Michael Cesar: We are trying to focus on the way people think about giving. The challenge comes in shifting the power dynamic from the old model where the donor is the hero. To the new model where the donor is the supporter. It is a shift in belief systems.

Charity Matters: What fuels you to keep doing this work?

Stephanie Van Sickel: For me, this is what I have decided to dedicate my life too. It’s why I came to get my MBA. This has been the work I have wanted to be in my entire life. Now knowing the faces on the other side and seeing the true impact of what we are doing. So now when its 1 am and I have one more thing to do, you just push through. This is bigger than you and that’s what helps to drive you.

Michael Cesar:  For me, I really, really want to fix the problem. I’m quite stubborn as a person. The idea that there is a problem that we have all seen that exists, that it could be fixed and that could radically change the way that love, generosity, and kindness is shared around the world, is sort of infuriating to me. The idea of chipping away at the roadblock is what I have become obsessed with. To let the kindness and humanity come out and to let people engage and remove the roadblock has been such a wonderful problem to try and fix.

Charity Matters: When do you know you have made a difference?

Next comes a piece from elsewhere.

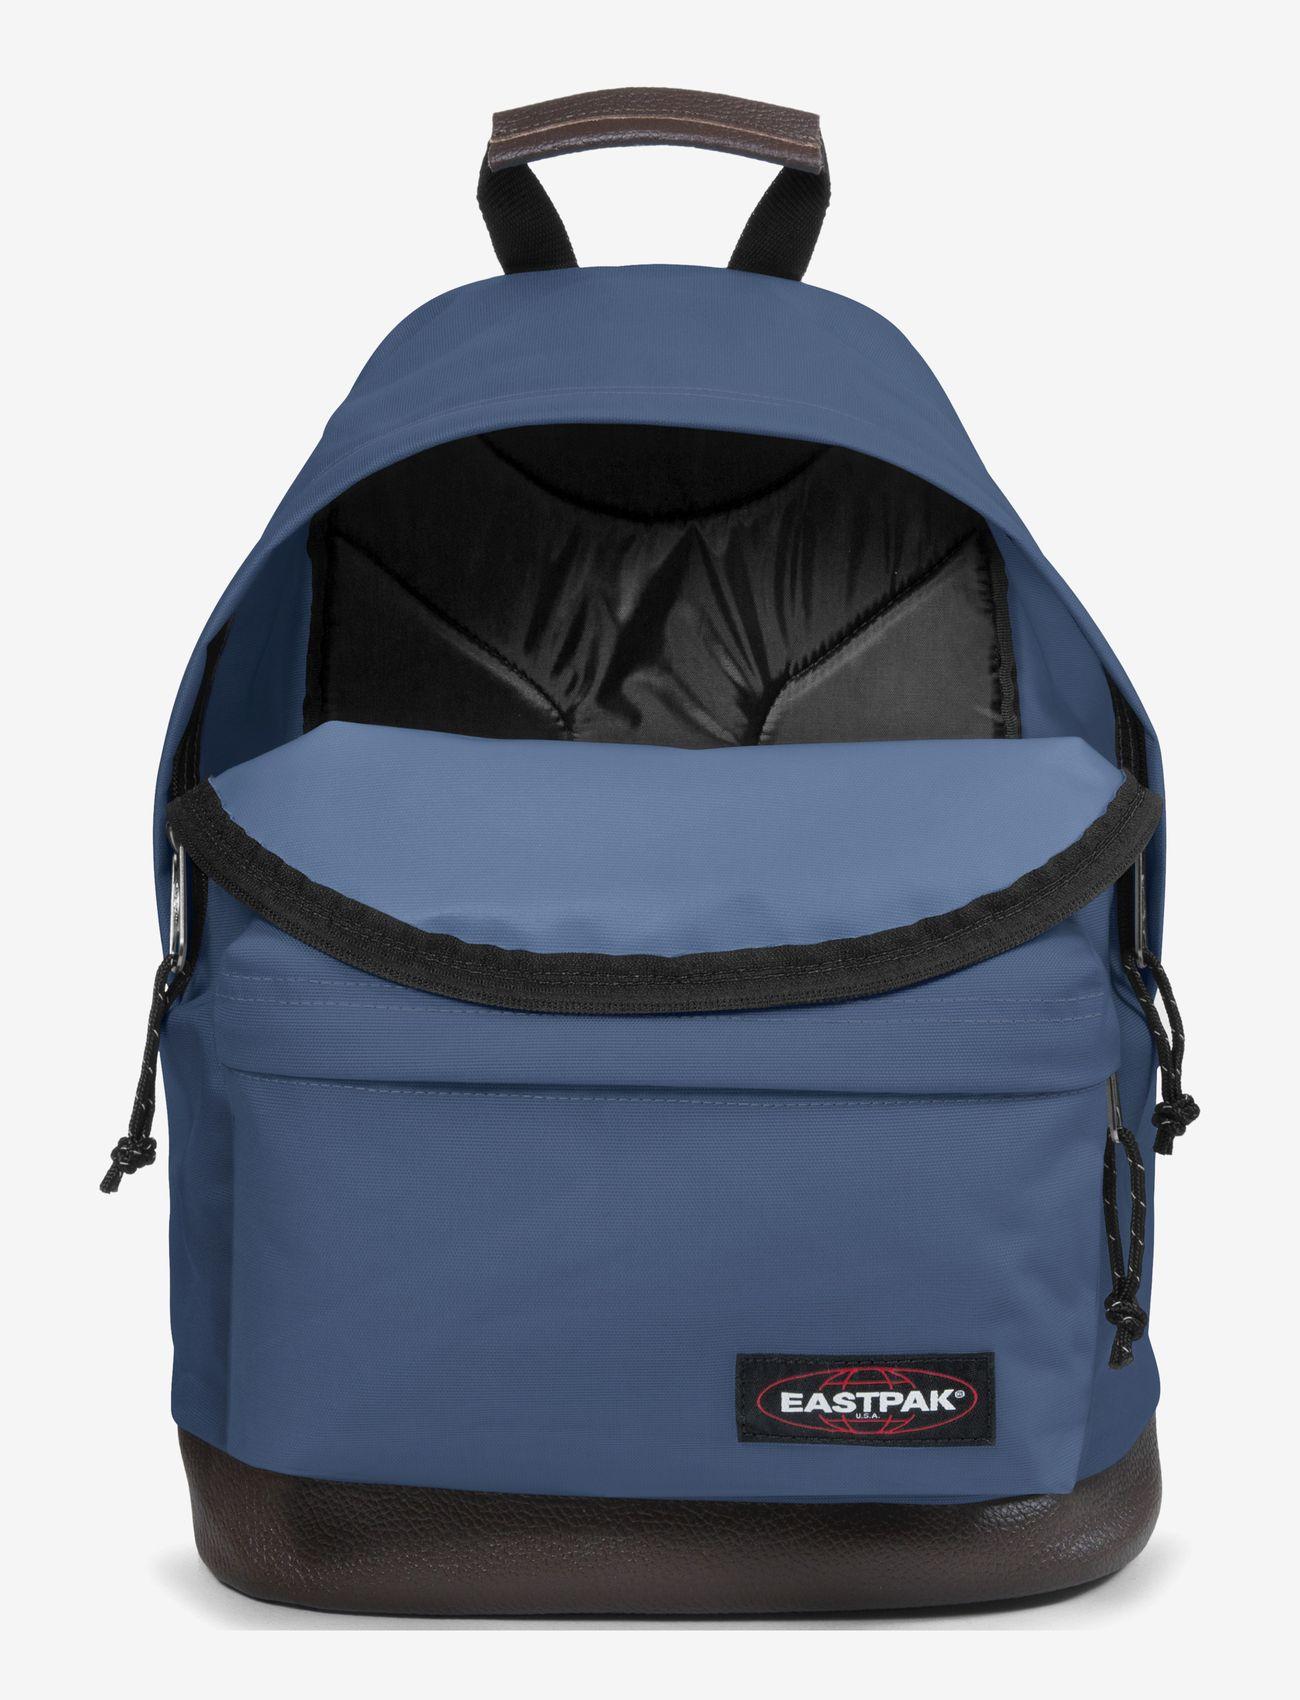 Eastpak - WYOMING - ryggsäckar - humble blue - 1

Stephanie Van Sickel: I went back to Greece this past fall to meet with everyone and see how things were going, especially with our store partners. The stores said that the families thank us so much even though we are only part of this, someone else donated the diapers that they got to pick up from our store but we get thanked. The stores asked if we could have the duet families’ names and we asked why. They said that these Duet families who come in to get their things become friends and we would love to be able to make them feel more welcome when we see them by knowing their names. We didn’t set out to integrate the community but to see the shift in the way these two groups are referring to each other as neighbors and friends was so inspiring.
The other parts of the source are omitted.